What Lies Between Us

When I come out, people hug me and kiss my cheeks. Amma and Thatha are beaming. No one can say Amma hasn’t done everything the proper way for me. We have dinner, and then I slice into a cake covered in pink-icing roses that tumble down onto the mirrored platter, hold up a piece so that Amma and then Thatha can take a bite. They feed me too, pride and love glistening in their eyes.

Later Puime and I sit with the women as the men go outside. We drink lime juice or Fanta, and the women tell stories of calamity. There are misfortunes of the financial, emotional, or physical sort. But the most important are the disasters of love.

A woman begins: “Have you heard about the Somarathna girl?”

The rest of them lean in, hungry for the tale. “No men, I knew something must have happened with that one. We haven’t seen her for months, and she was always a little wild, isn’t it? Always people were saying this and that about that one.”

Another chimes in. “Suddenly there was a proposal and a wedding. I didn’t even have time to get a proper sari done. Fancy reception at the Galle Face Hotel.” She sniffs so that we all know she thinks the family was putting on airs, continues, “But I always thought something funny was behind it. Aiyo, give us the details, will you? What happened?”

The first woman arches her eyebrow. “I can’t tell anything. The mother swore me to secrecy. Absolute”—she puts a manicured finger to her lips—“secrecy.”

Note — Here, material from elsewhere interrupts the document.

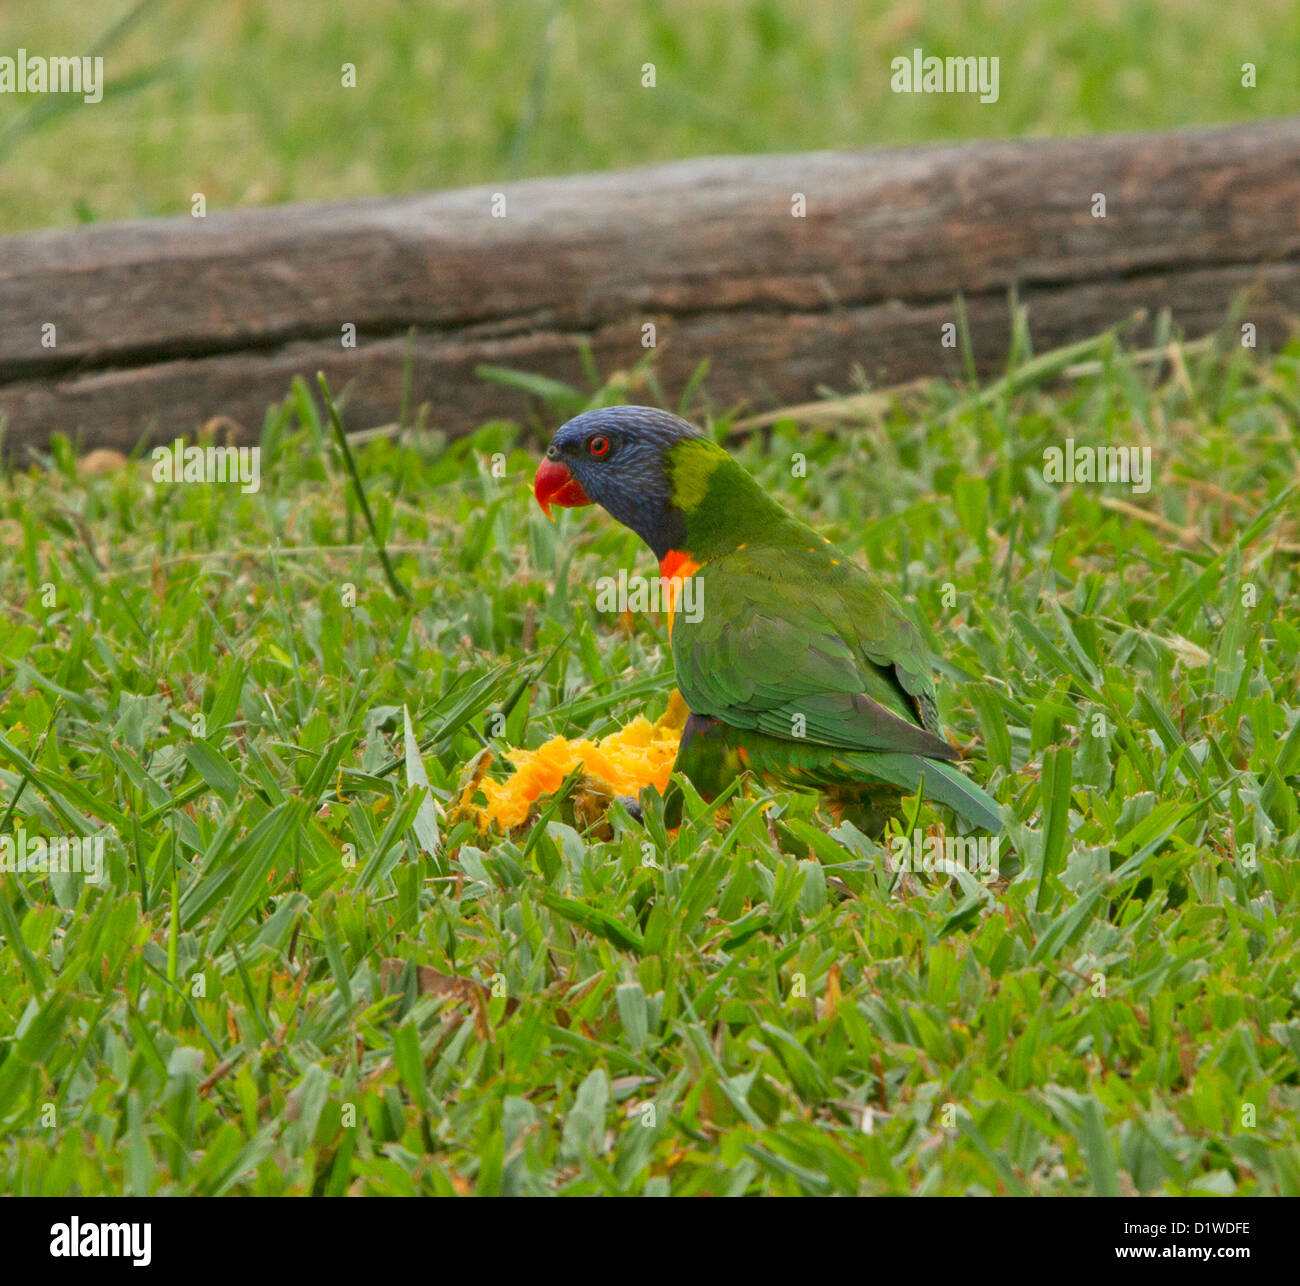 Rainbow lorikeet - an Australian parrot - feeding on fallen mango - in the wild Stock Photo

A chorus of disappointment. “Aney, please.”

“Come on, you know we won’t tell anyone.”

“That girl is like a daughter to me.”

“Yes men, we’ll protect her reputation no matter what. After all, they are my relatives on the father’s side.”

She flaps her hands at them, says, “Okay, okay! But don’t breathe a word of this, okay? Any of you. It has to stay within these four walls.” She points at each wall around us to emphasize the secrecy that everyone knows will not be maintained. She says, “I know the whole story. The mother came to me for help. Here’s the thing. The girl was carrying on with that good-for-nothing, jobless, no-degree, next-door fellow. And by the time the parents found out, they were in a hotel and the deed was done. Two months later, no periods.”

Delighted, shocked gasps; a collective fluttering of hands to bosoms and throats. Someone says, “And then what?”

“The mother and I had to take her to a clinic. They covered it up. That’s why they married her off so quickly and all. Before the proposed family found out anything the papers were signed, the poruwa built. That mother-in-law must be kicking herself. No white sheet at the homecoming, isn’t it? Who knows if she can even conceive after what that doctor did.”

Tongue-clicking noises of disapproval, eyes rolled toward the heavens.

“These modern-day girls, what to do?”

“In my time we couldn’t even look at boys.”

“My mother would have beaten me to death. Home and school and back again. That was it. Now they are going wild. One has to be so careful with girls. I never let my Shalini anywhere near that one. Cheap girls like that only ruin the others.”

They stop suddenly, remembering Puime and me with our ears open wide in their midst. I know the girl they are talking about. What happened to her? I know it has something to do with what has just happened to me, which is called “falling off the jambu tree,” for the bright red fruit of the jambu. It has to do with boys and maybe even something to do with what happens to me when Samson catches me alone, something bad and secret for which only a girl is responsible, for which a girl always has to pay. I know that these women will not keep the secret. By tomorrow, the girl’s reputation will be dust. Even her marriage will not protect her from the barbs of gossip. Shame is female; shame is the price I must pay for this body. The fabric of my white dress is suddenly cloying.

Amma says, “Why don’t you two go to your room.” We slip out. Climbing the stairs, Puime whispers, “God, when I grow up, I’m going to drink arrack in the garden with the men. I’m not going to sit around drinking lime juice and gossiping about every single person.”

I nod. I feel as though I have watched an execution.

*

After school we go to Puime’s house. In the kitchen her mother is wearing just a sari blouse and her father’s old sarong, her hair pulled into a messy bun at the nape of her neck. She is fleshy, rounded, jiggly, and maternal in a way I long for. She grabs Puime, gives her a loud sucking kiss on the forehead, and then turns to kiss me on both cheeks.

Puime groans and wrinkles her nose. “Ammie, what are you wearing?”

“What? You don’t like it?”

“Is that Thatha’s old sarong?”

“Yes, child, why can’t I use it? Waste not, want not, isn’t it?”

She pours batter into the small curved hopper pan, turns it deftly so that the liquid coats the rounded surface, breaks an egg into the middle of it, says, “Sit and eat. Now while they’re still hot-hot. Otherwise it’s useless. Here, have with this seeni sambol, a little bit of kata sambol.”